Open Expertium opened 2 weeks ago
I find out a case which may help us to clarify the problem:
rating | stability | count |
---|---|---|
again | 0.47 | 65 |
hard | 0.27 | 8587 |
good | 1.13 | 15614 |
easy | 100.0 | 4348 |
Intuitively, we need to decrease the stability of again
. And the degree of decrement should depend on the sample size.

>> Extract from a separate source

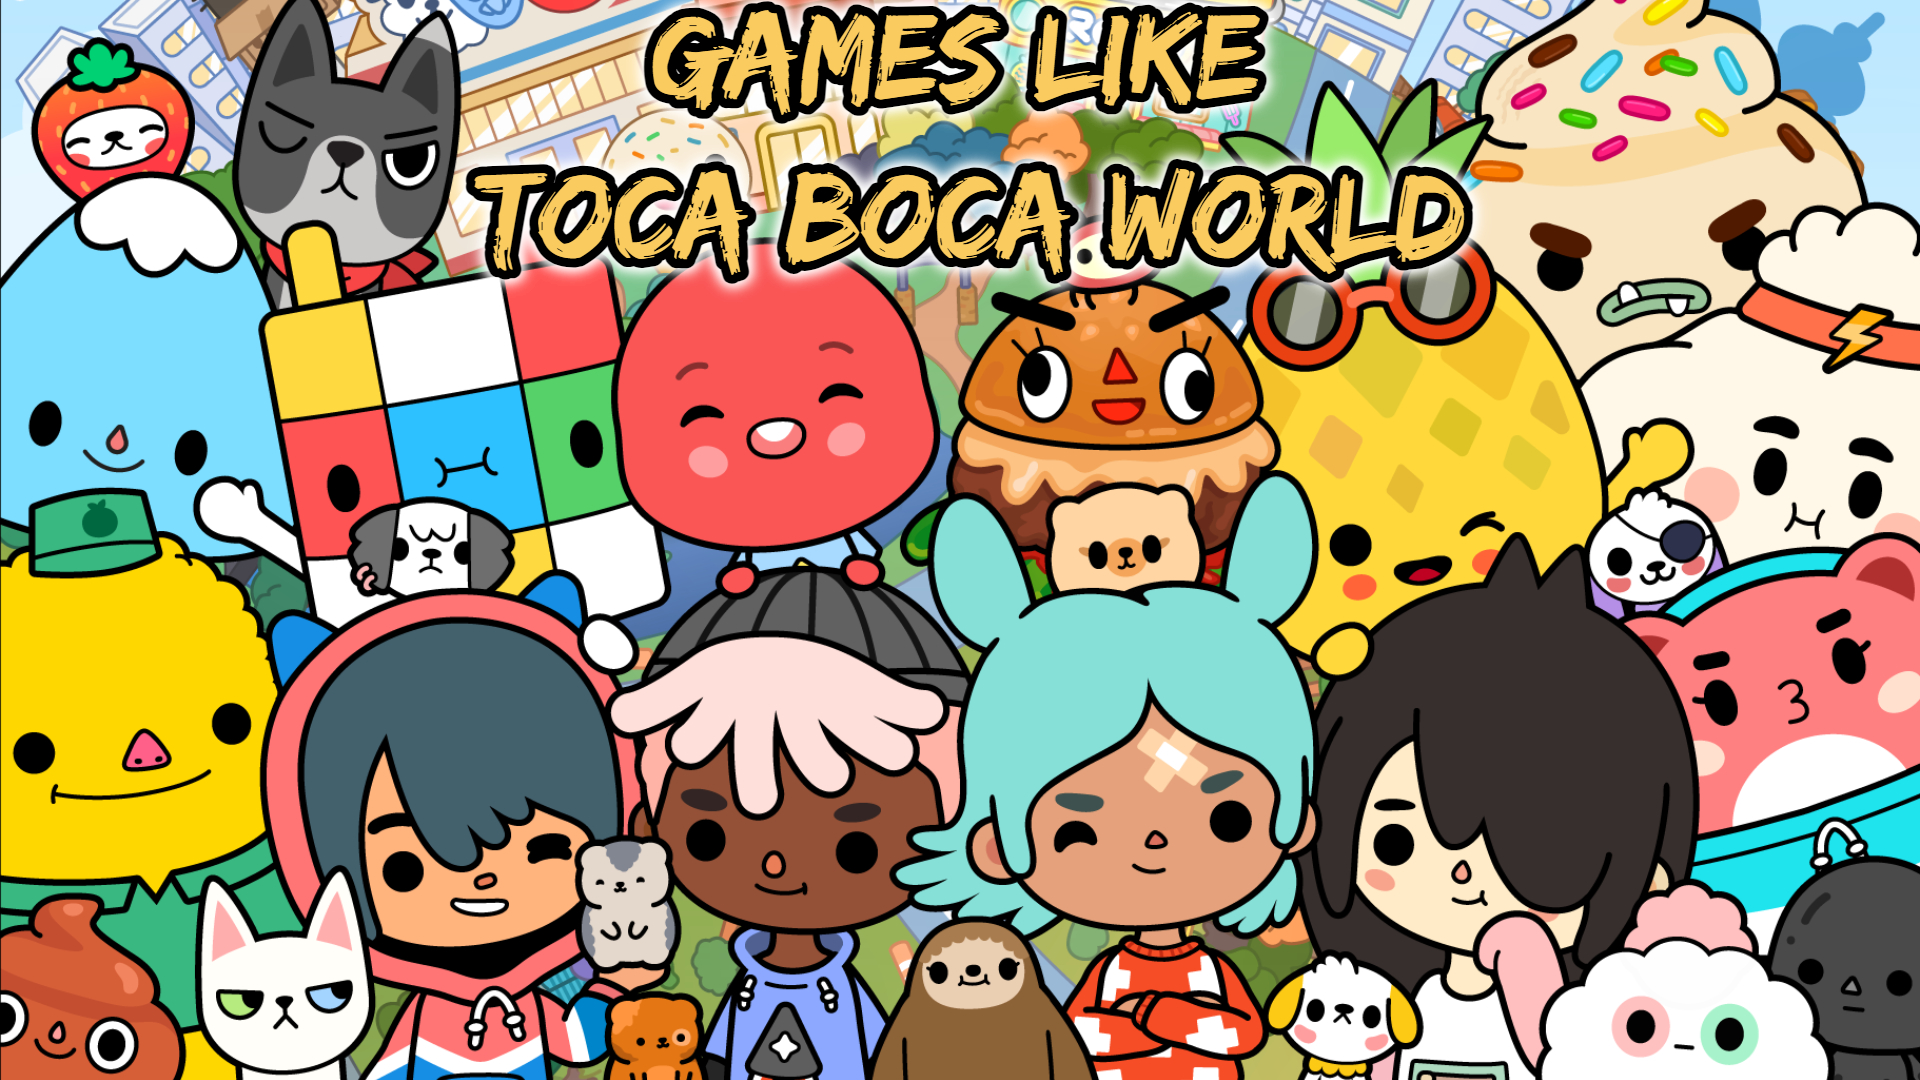 Top 5 Best Games Like Toca Boca World on Mobile

I found a problem with the current way you estimate missing values of S0
import numpy as np
w1 = 3/5
w2 = 3/5
rating_stability = {1: 0.47, 2: 0.27, 3: 1.13, 4: 100.0}
def impute(rating_stability):
S0_1 = np.power(rating_stability[2], 1 / w1) * np.power(rating_stability[3], 1 - 1 / w1)
S0_2 = np.power(rating_stability[1], w1) * np.power(rating_stability[3], 1 - w1)

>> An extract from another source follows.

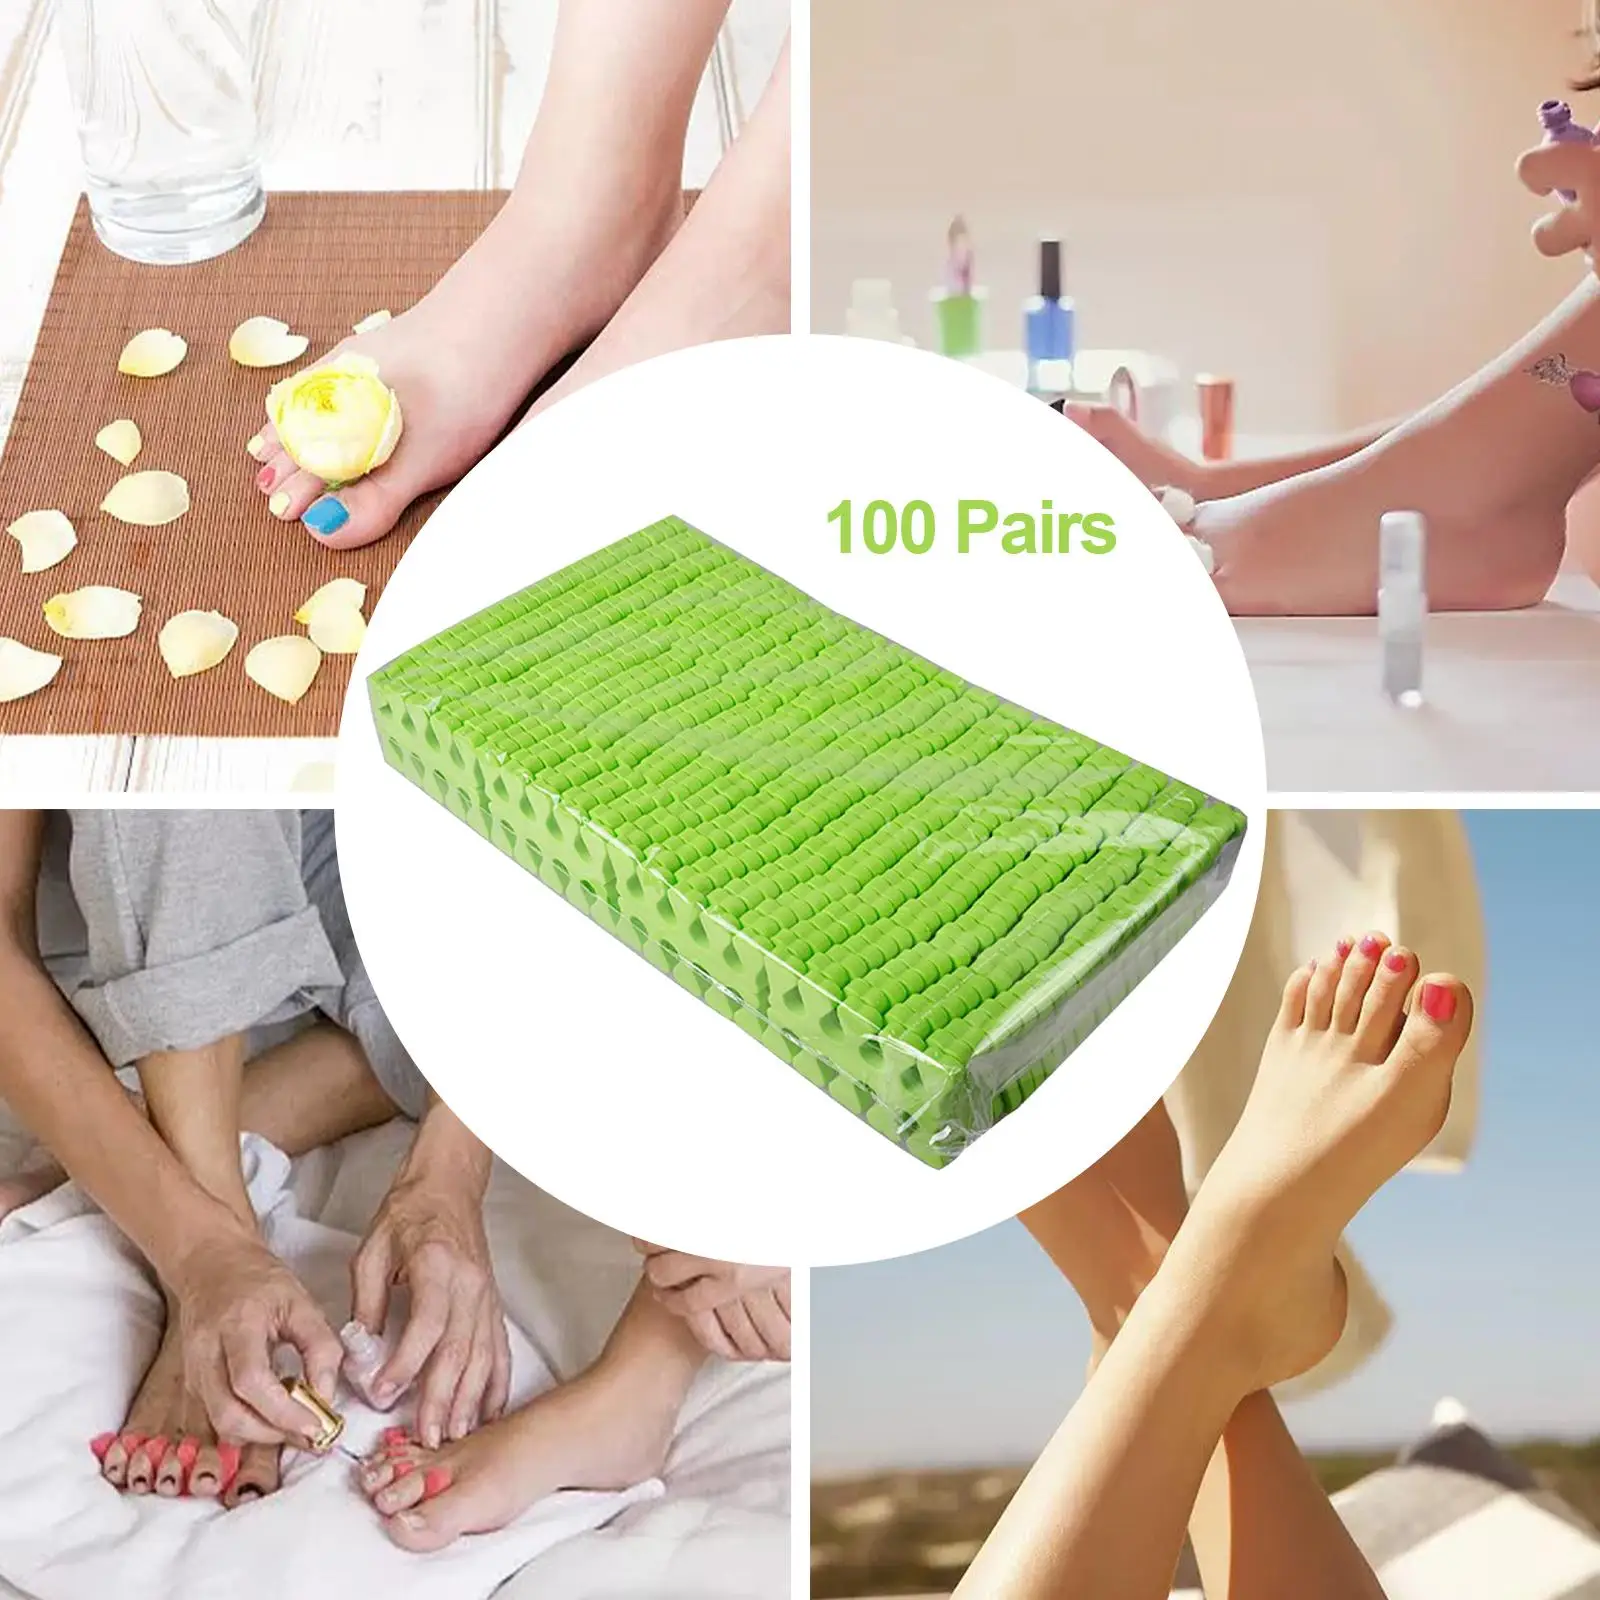 Nail Art Toe Separator Soft Sponge Practical for Manicure Home Use 200Pcs

S0_3 = np.power(rating_stability[2], 1 - w2) * np.power(rating_stability[4], w2)
S0_4 = np.power(rating_stability[2], 1 - 1 / w2) * np.power(rating_stability[3], 1 / w2)
new_rating_stability = {1: round(S0_1, 4), 2: round(S0_2, 4), 3: round(S0_3, 4), 4: round(S0_4, 4)}
return new_rating_stability
new_rating_stability = impute(rating_stability)
print(new_rating_stability)
The result is {1: 0.104, 2: 0.6676, 3: 9.3874, 4: 2.9346}, which is non-monotonic. I had an idea related to using these estimates, but it seems that your method needs to be revised.
smooth_and_fill
isn't strict enough. We need Again < Hard < Good < Easy, not just Again <= Hard <= Good <= Easy. This is so that the user is less likely to see the same interval if learning steps are removed.